In that same episode of New Weird Britain, Doran emphasises the power of UKAEA’s live set, the impossibility of its transference to other media: "You really have to go down to a gig to experience it. It isn’t going to work on a recording – it’s just not relevant to them. It happens in that one moment, and it’ll never happen again, so I’m afraid what you’re hearing now just doesn’t come close." Now, being thousands of miles away, I’m probably never going to experience UKAEA in this holistic way. I’ll get slivers, fragments of the experience, but if the slivers and fragments are this overwhelmingly powerful, this thrilling, I’m honestly OK with that. You can’t miss what you’ve never had, right?

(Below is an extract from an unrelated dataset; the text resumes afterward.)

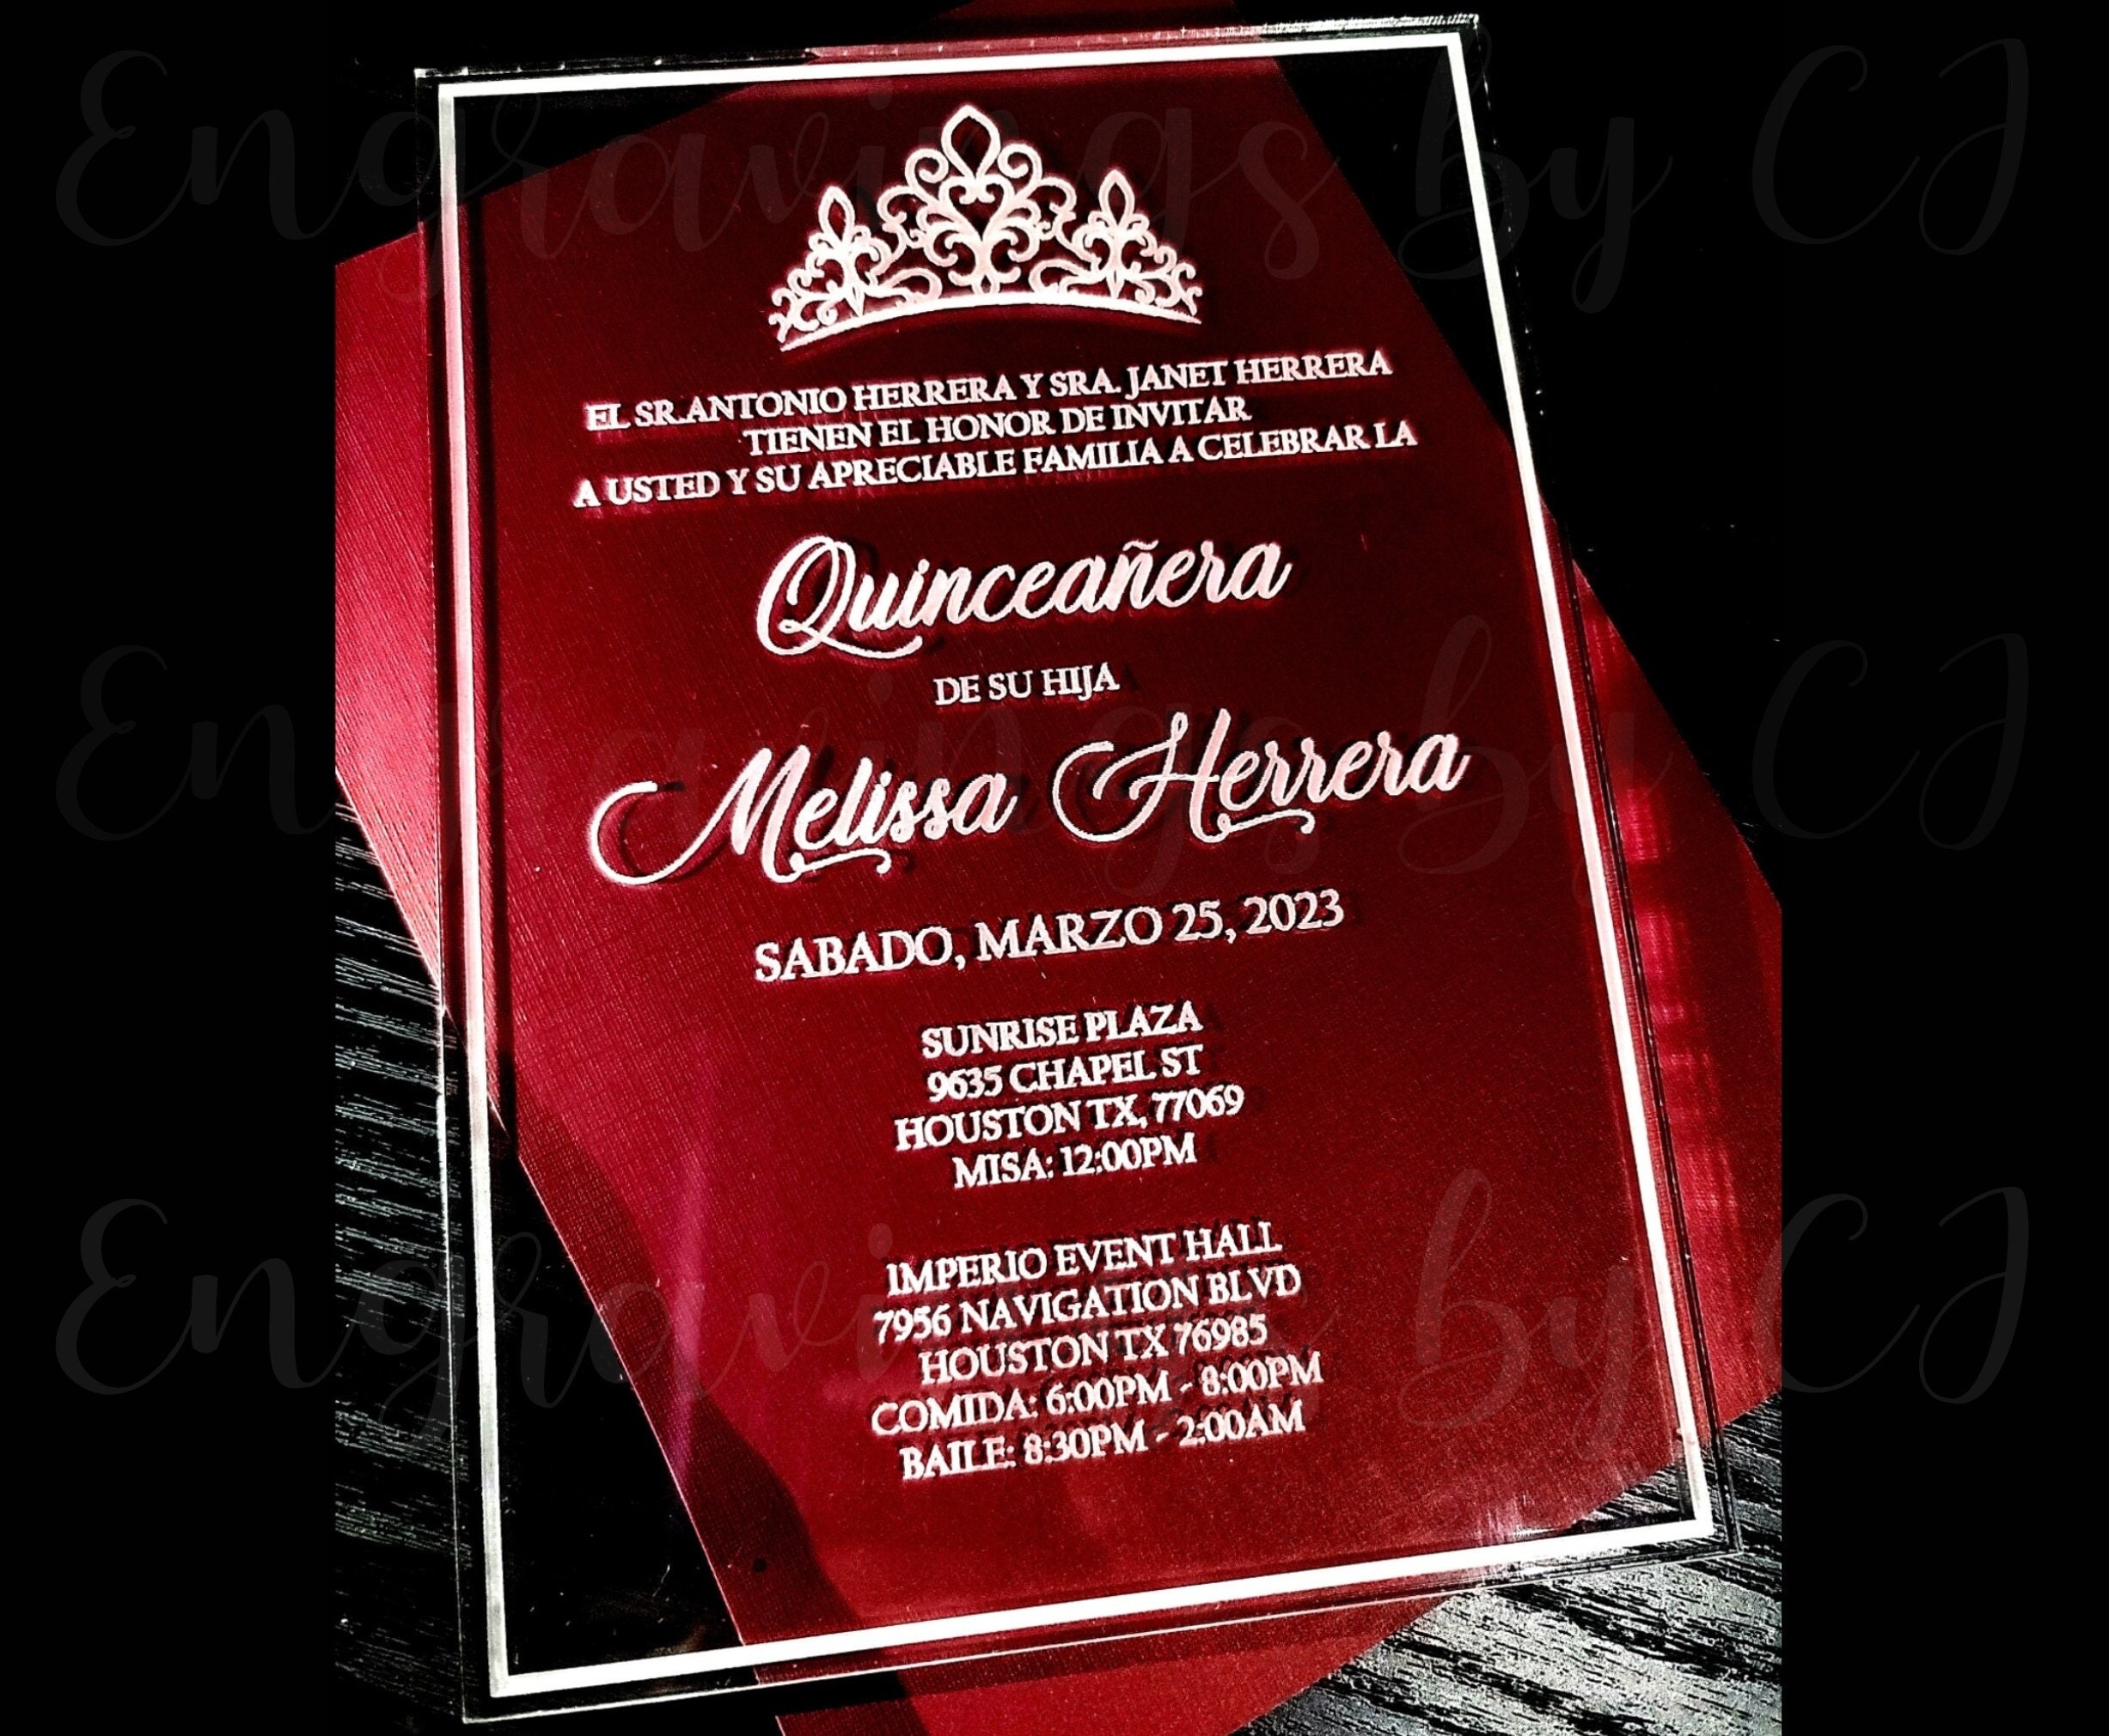 Invitaciones de Quinceañera (Spanish Quinceañera Invitations

Recently, I’ve found myself once again diving deep into Adrian Sherwood’s early 80s productions -–particularly Dub Syndicate and African Head Charge – reading old reviews, scrounging up clippings. It occurs to me now that Sherwood and Jones are quite alike. Maybe not so much aesthetically, but in the way their collaborations ultimately capture portraits of Britain’s multicultural creative fringe, those beautiful souls working in the gradients between things, outside of the mainstream. So, to steal a line from an old Sean O’Hagan review of One Way System: "If you are at all interested in [music] as experiment, as stimulant, as innovation once more, search this one out: it’s the business."